Although the cost of farm inputs has risen drastically over the last month, Louw said that resulting price increases in food was industry specific, and that not all food prices were affected.

“The maize price has come down but it will be a while before we see the effect in retail. The increase in meat prices can however partly be attributed to increased production costs and the impact of foot and mouth disease.”

With consumers already facing financial strain, the double-digit increase in food meant that more people in South Africa would fall prey to unhealthy diets, leading to a greater health and social burden.

Hester Vermeulen, the Bureau for Food and Agriculture Policy’s head of consumer and food economics, said that when taking the January price of food and average salaries into account, around 50% of South Africans could not afford to eat healthy.
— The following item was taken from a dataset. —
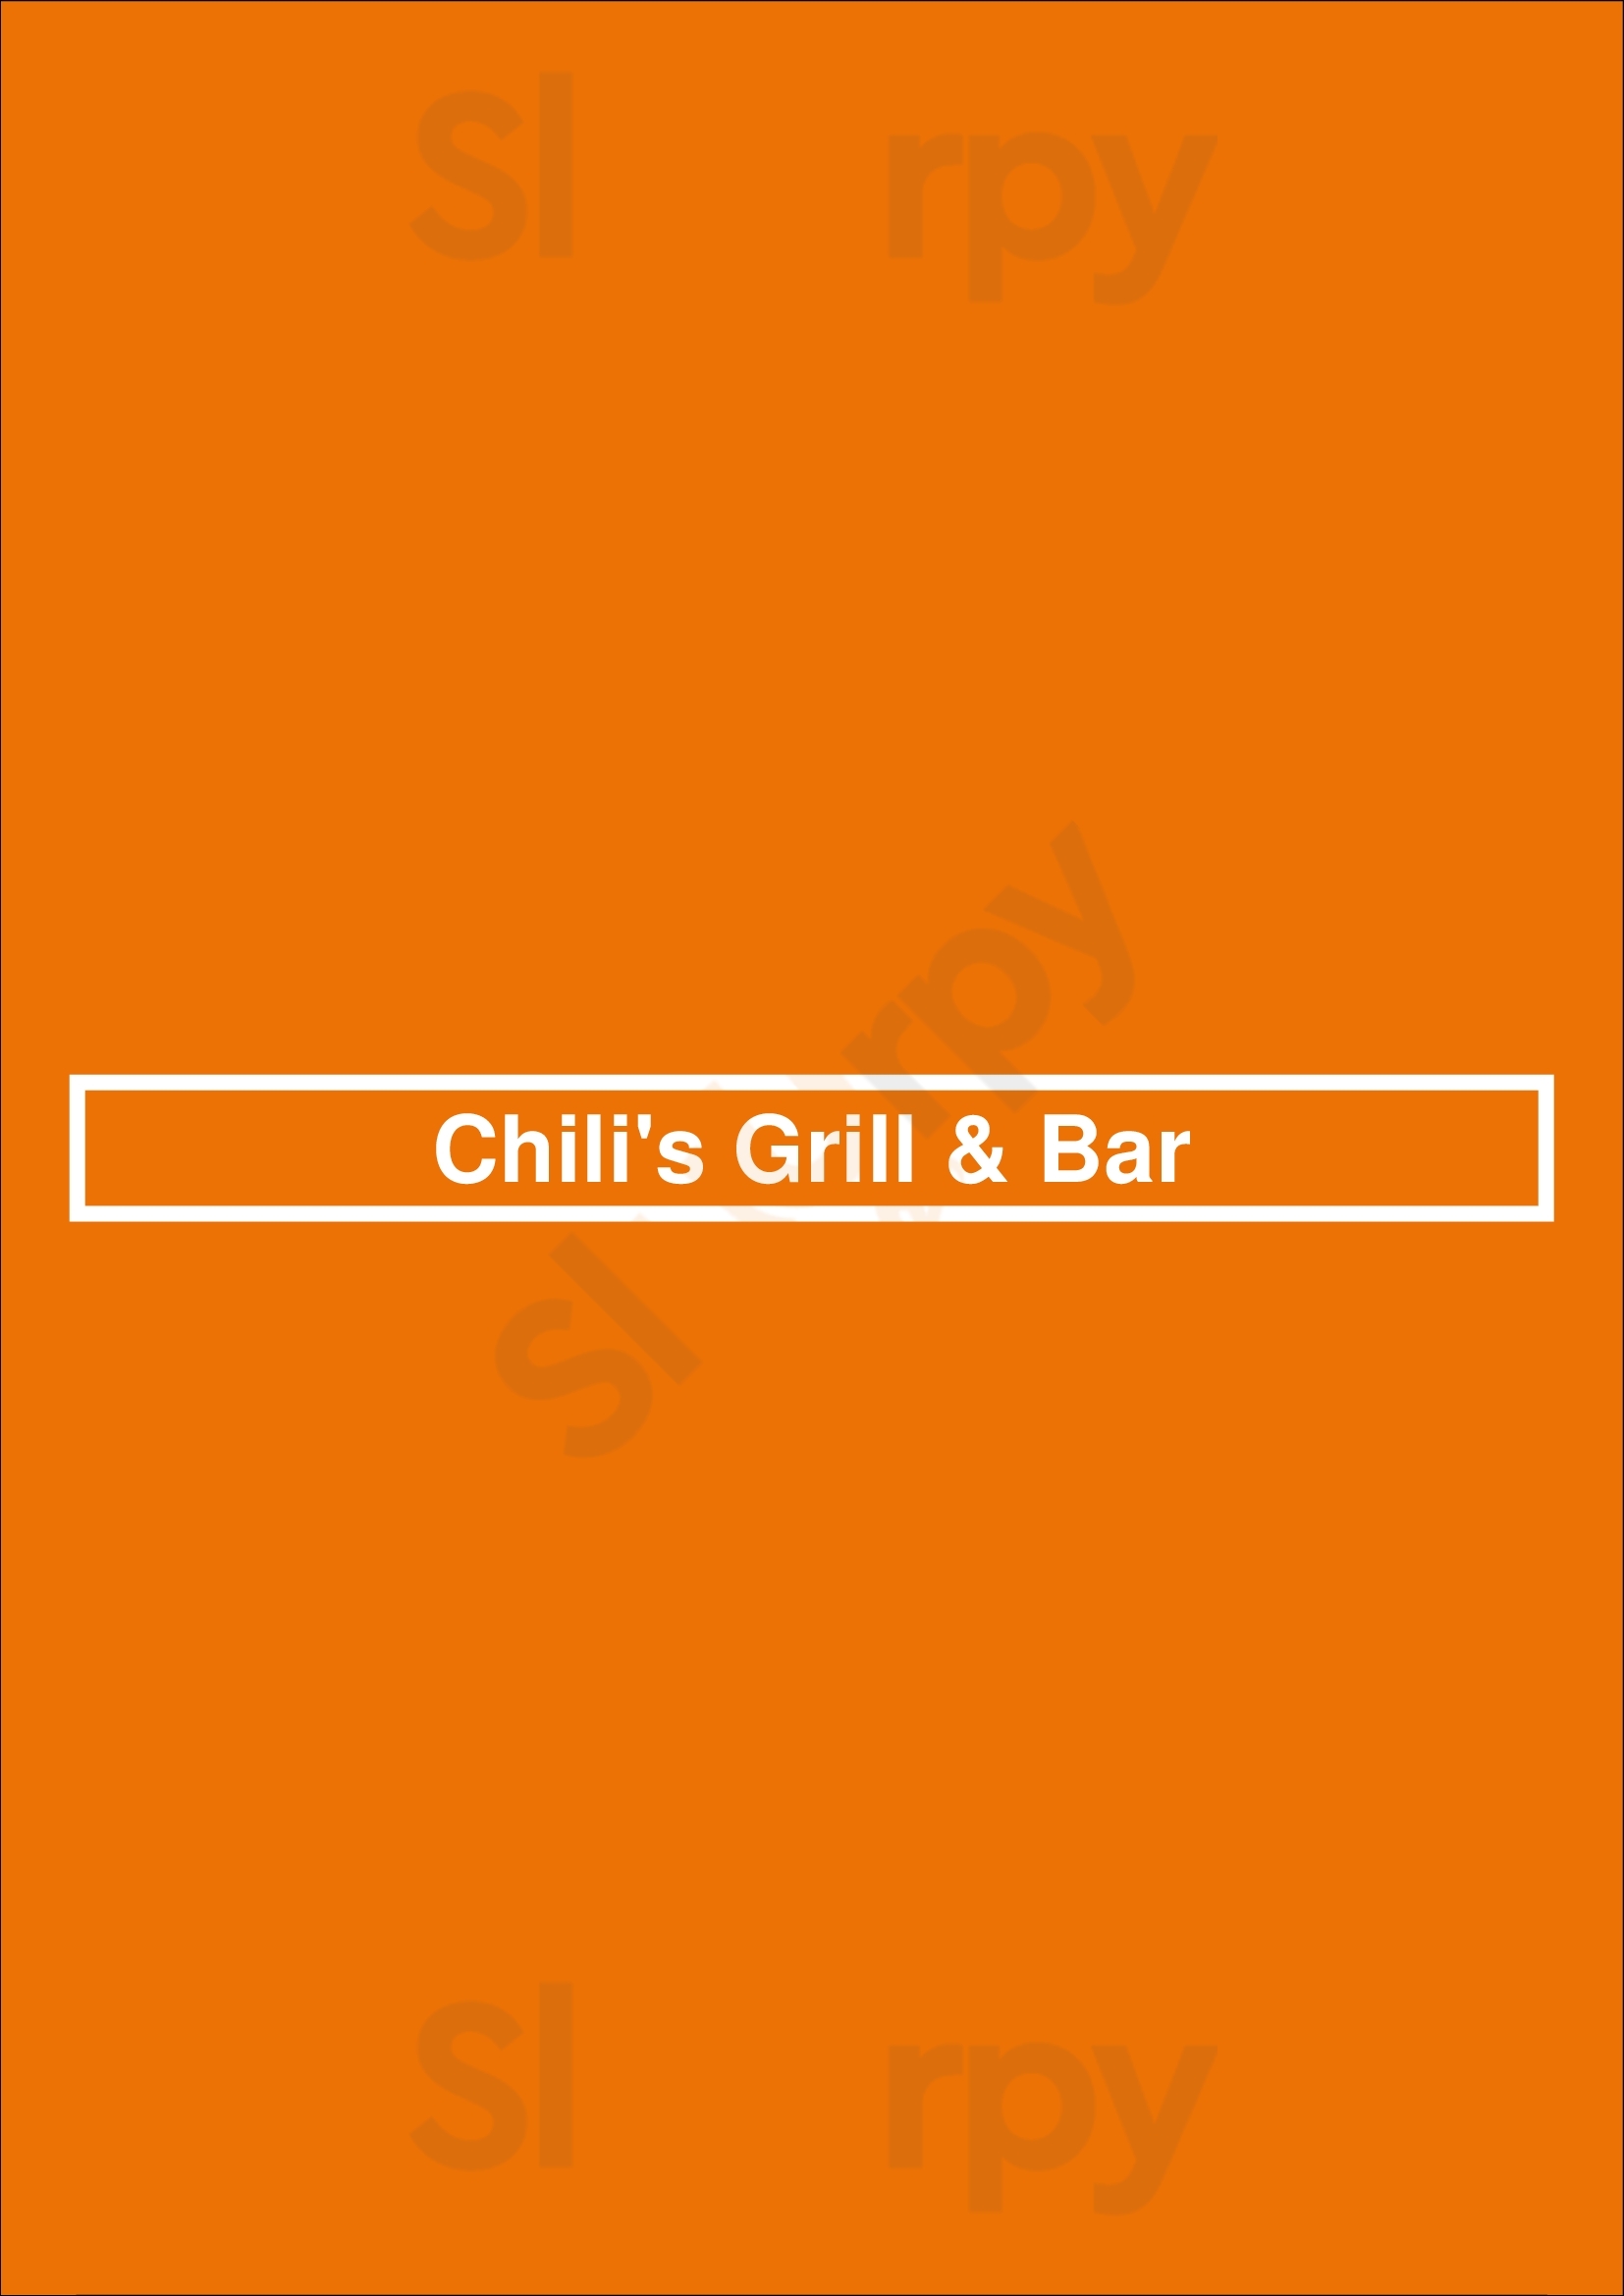 Chili's Grill & Bar Salem Menu - 1

“If we look at the cheapest way for a family of two adults and two children to fill their stomachs, the cost is R980. This would then be a diet of only maize meal, which is of course not practical, but gives an idea of how expensive food is. Some 70% of our population does not eat enough meat, which leads to iron deficiencies and growth stunting in children. More price increases mean more people will fall into this category.”

She noted that high food prices would eventually lead to social instability. “The greater system must ensure food prices don’t rise as quickly or that people can afford healthy food. But we know that this is far easier said than done.”